Belinda Sanders: But do you think that cost will still come into it, when and if the world opens up to pre-COVID import standards? You know, will people pick cost over quality regardless, as it seems they have done in the past?

Karen Andrews: Yeah. Look, for some people, cost will always be the reason that they buy a particular product, and we understand that. But what we are trying to do is make sure that our manufacturers are producing high quality goods so that it's actually a better buy over the longer term, because it's not going to require so much repair, it's not going to require so much maintenance. So, that is the aim for us to be able to do that.

But look, clearly at the moment, there is a significant ground swell of support for Aussie made, Aussie grown, Aussie made products. We need to capture that now and deliver. And I say we, as in governments at all levels, and also the Australian community. So, we are actively supporting Australian manufacturers, but we want people to shop locally, to look at how they can support our Aussie businesses and particularly our Aussie manufacturers. 

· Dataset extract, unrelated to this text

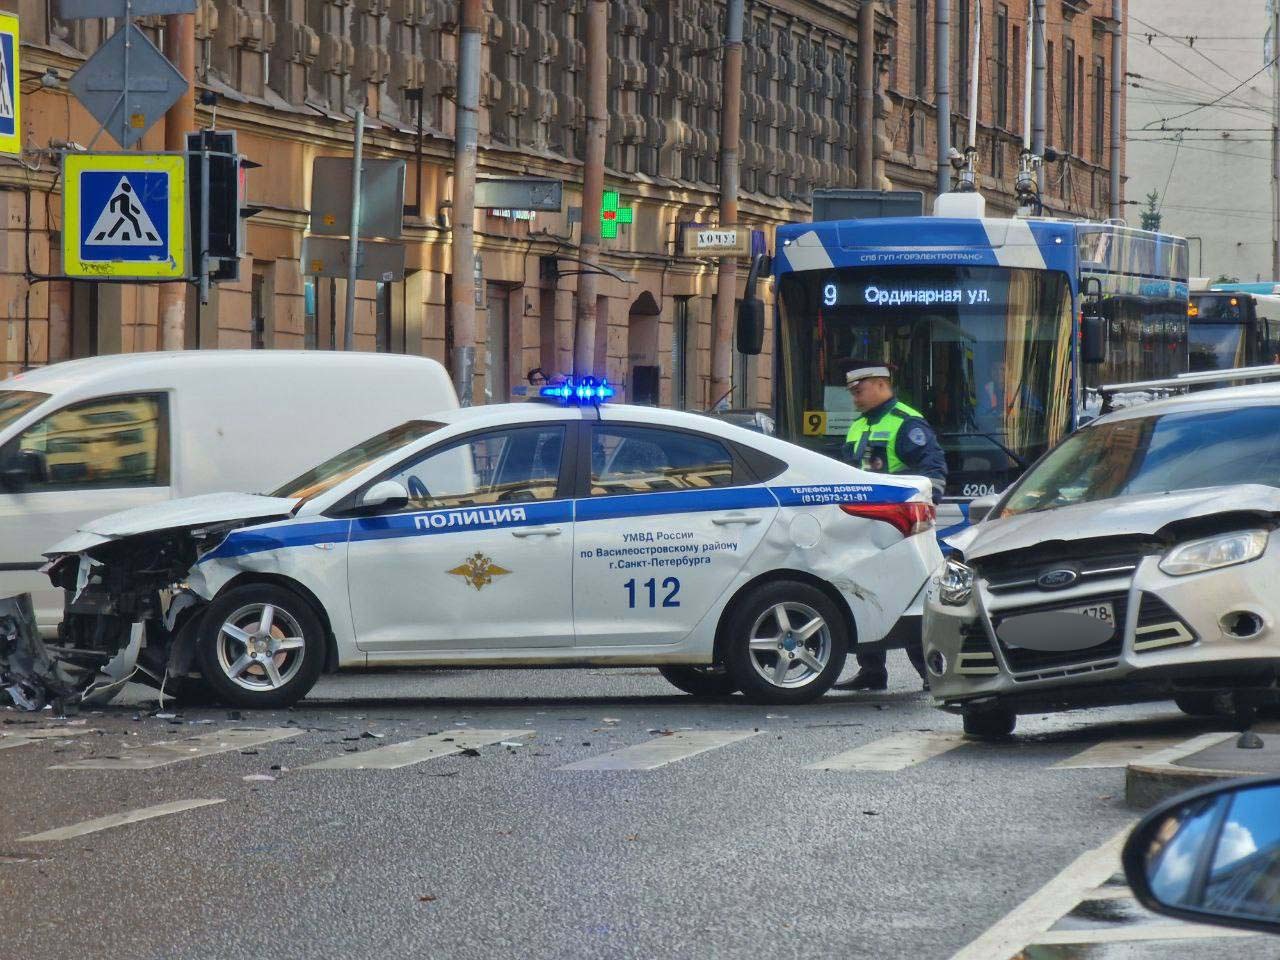 Полиция разбилась. Полицейская машина. Машина "полиция". Полицейские машины Санкт-Петербурга. Разбитые полицейские машины.

Belinda Sanders: You're right. There is support for Australian made at the moment, but is that partly due to the fact that there are tensions in China? And if those tensions are resolved, then the next trend in terms of, perhaps, that Australian made will wane and the manufacturing industry will pay the price?

Karen Andrews: I think Australians always want us to be able to make stuff here in Australia, so I think that sentiment is going to remain. What we have to do is work together and make sure that we are demonstrating the value of Aussie goods. Now, we are a nation of only 25 million people, so export is going to be very significant to us. And we've long had a strategy that would diversify our export markets, so we will be continuing to do that. And there is actually a stream specifically for export work under the manufacturing strategy that we have released. So, we will continue to be pushing to develop overseas markets.

I'm very confident that this groundswell will be maintained. I also think that Aussies are prepared to pay a premium to support their mates, to support businesses in Australia, but there is a limit to what that premium is likely to be. Now, I don't have an exact figure for that. People are prepared to pay a little bit more, but like anything, they don't want to be taken for a ride. 

Belinda Sanders: Minister Andrews, thank you very much for your time. 

Karen Andrews: It's a pleasure. Take care. 

Belinda Sanders: That’s the Minister for Industry, Science and Technology Karen Andrews there.